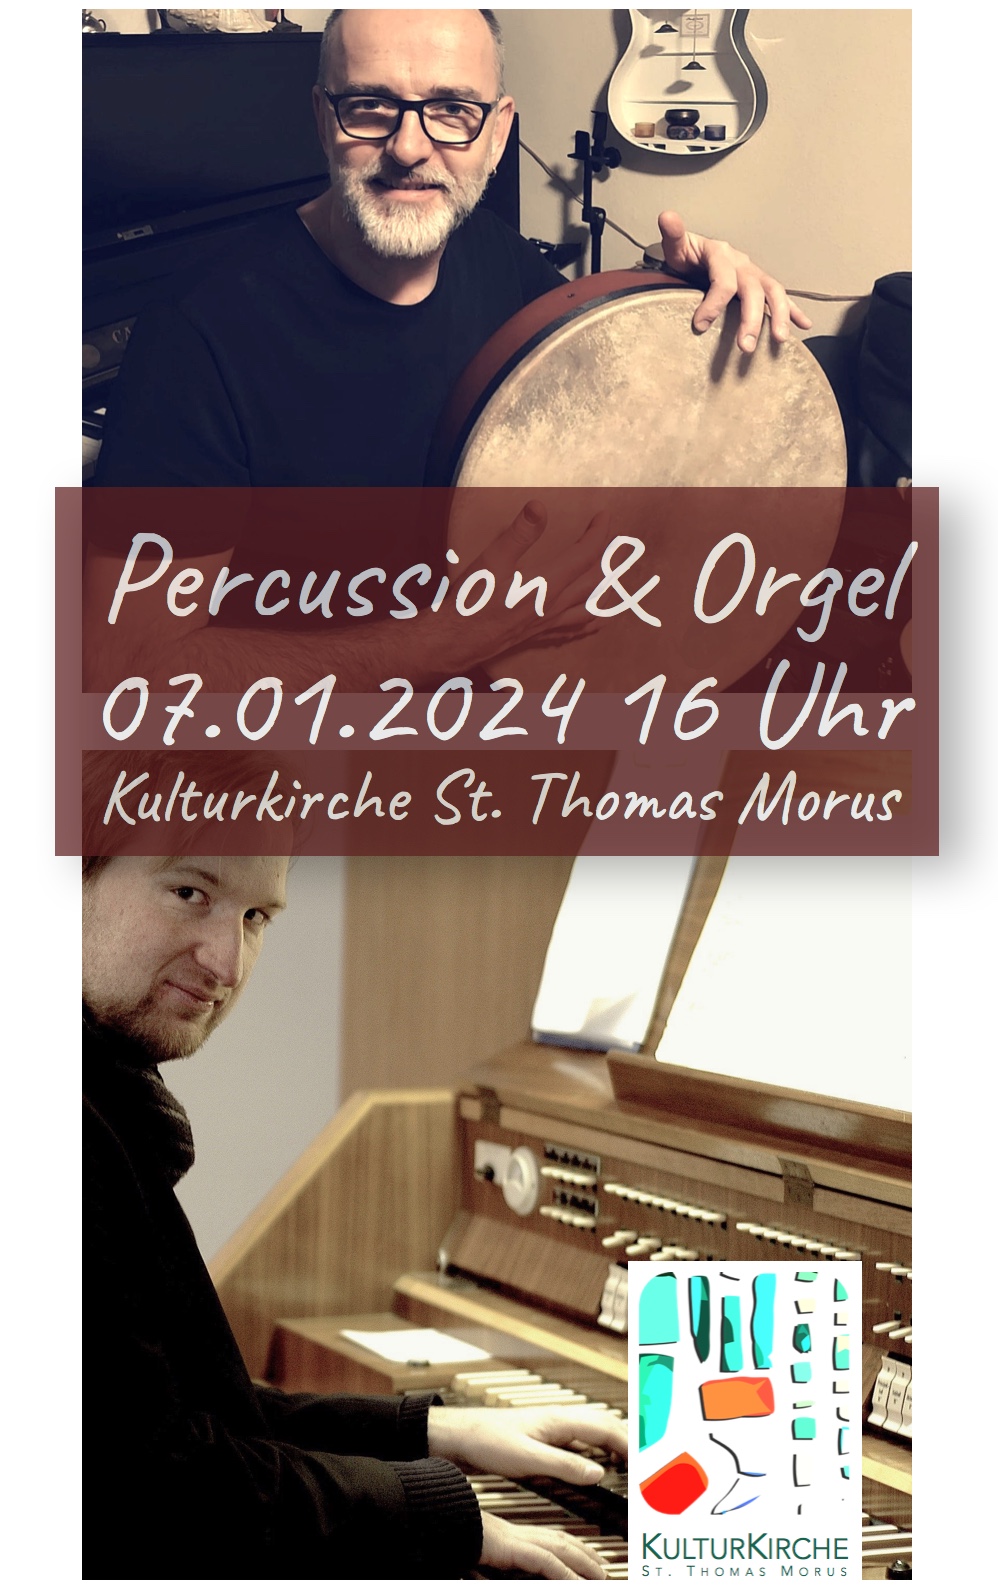 Percussion und Orgel am 7. Januar 2024 mit Stephan Pussel und Jakob Handrack (c) Förderverein St. Thomas Morus e.V.
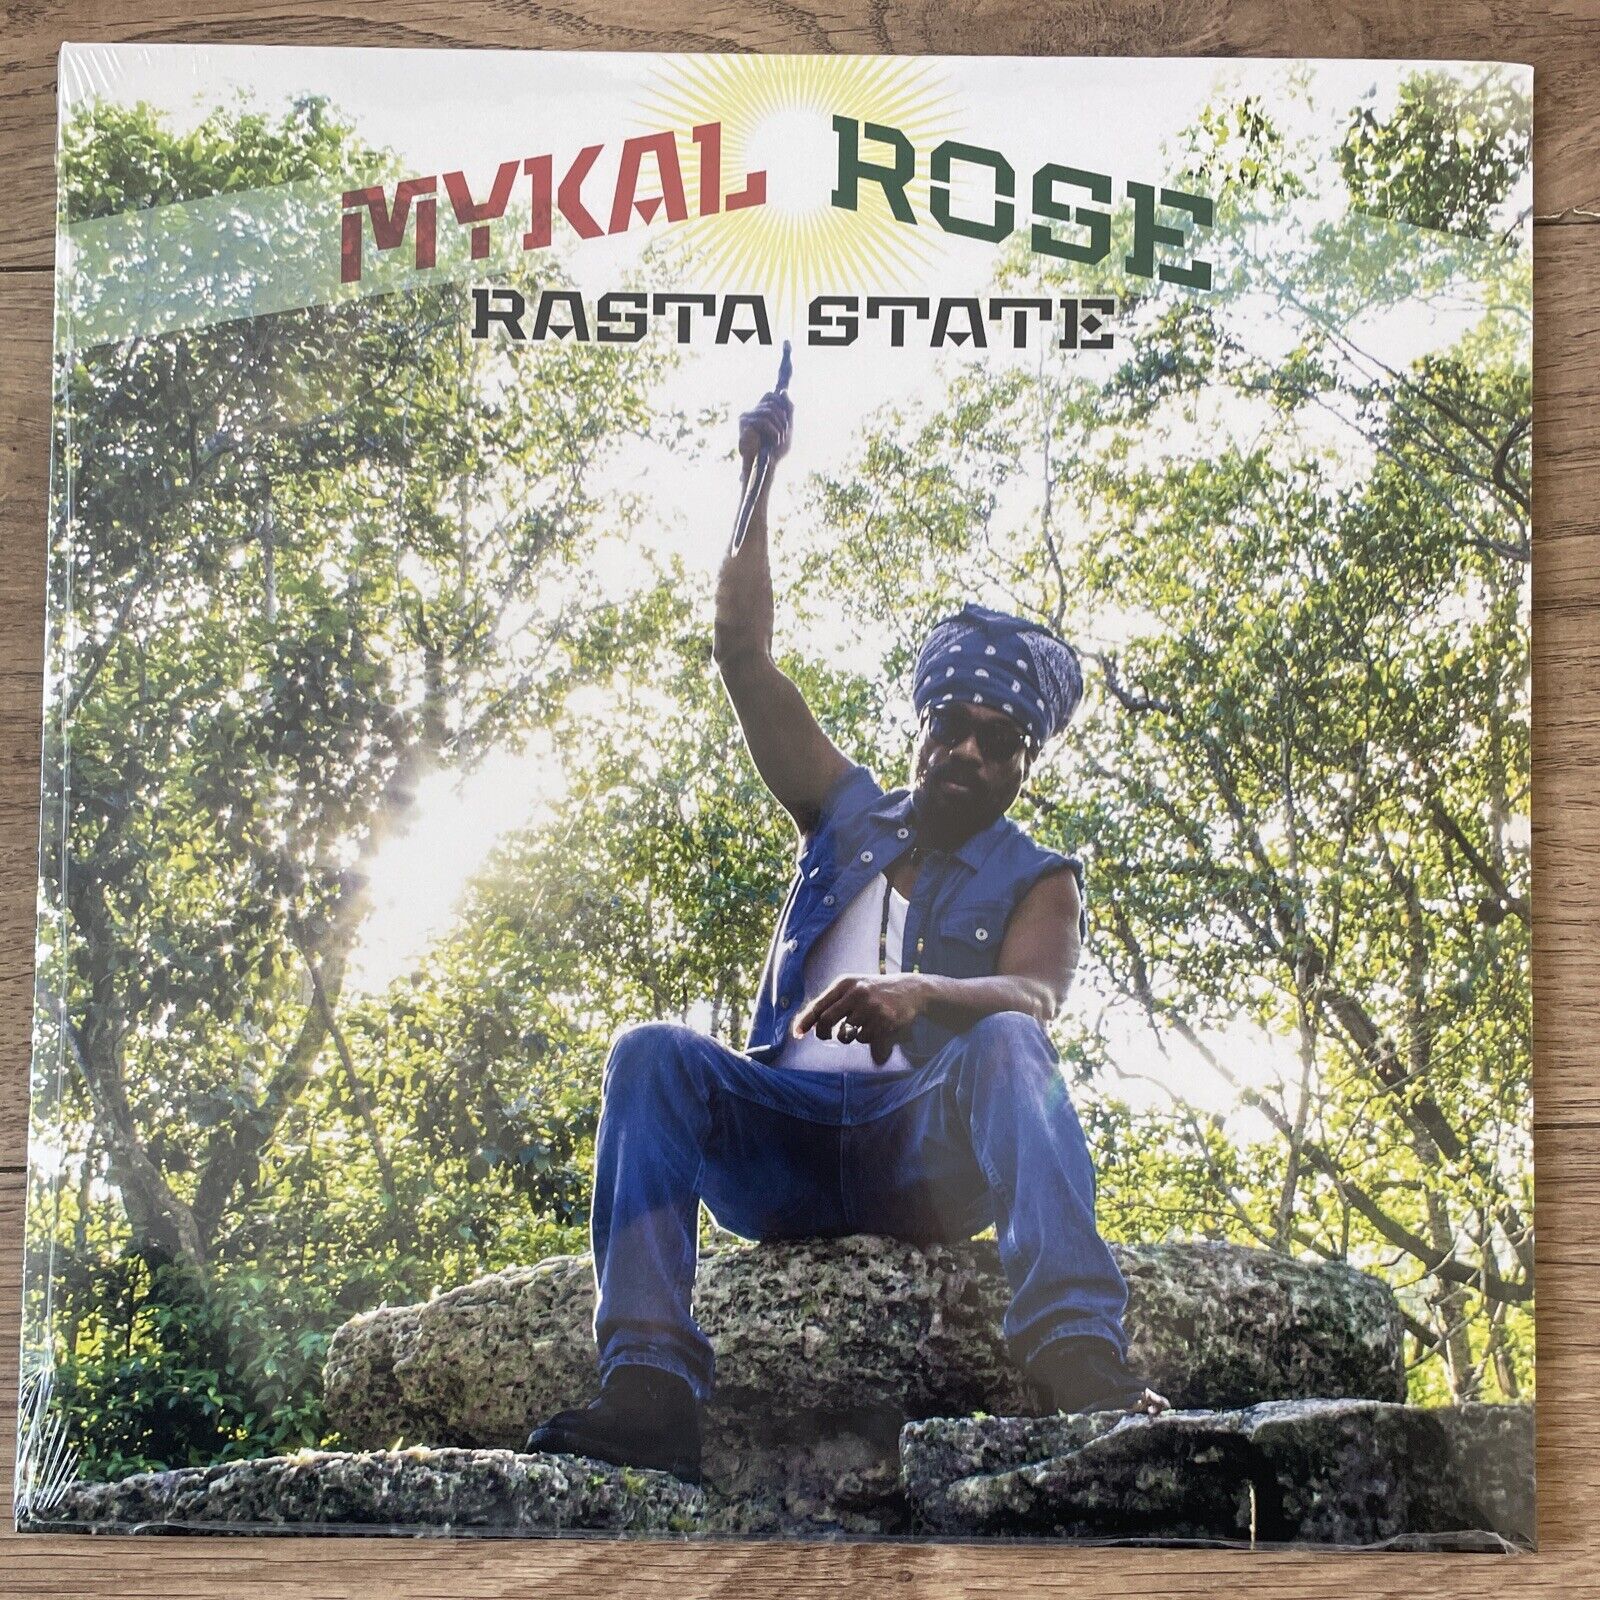 Mykal Rose - Rasta State Vinyl LP 2016 VP Records Brand New Sealed Copy Mint
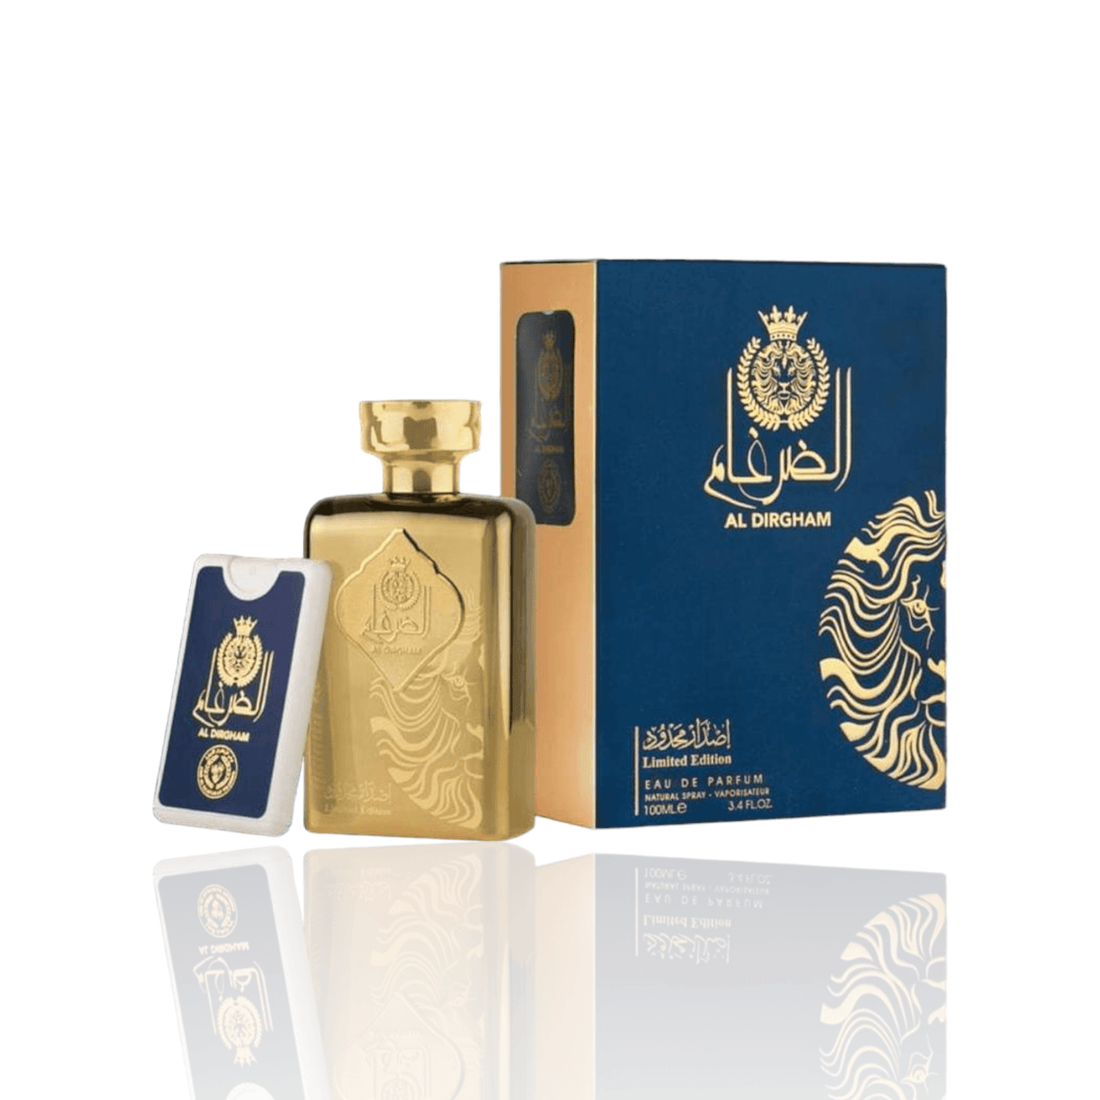 Luxury 100ml bottle of Al Dirgham Limited Edition Perfume by Ard Al Zaafaran, showcasing its exotic fruit and floral essence.

Assignment: Word for word, repeat the lines of data above, omitting every picture.

Exercise output:
 Percussion und Orgel am 7. Januar 2024 mit Stephan Pussel und Jakob Handrack (c) Förderverein St. Thomas Morus e.V.
 Mykal Rose - Rasta State Vinyl LP 2016 VP Records Brand New Sealed Copy Mint
 Luxury 100ml bottle of Al Dirgham Limited Edition Perfume by Ard Al Zaafaran, showcasing its exotic fruit and floral essence.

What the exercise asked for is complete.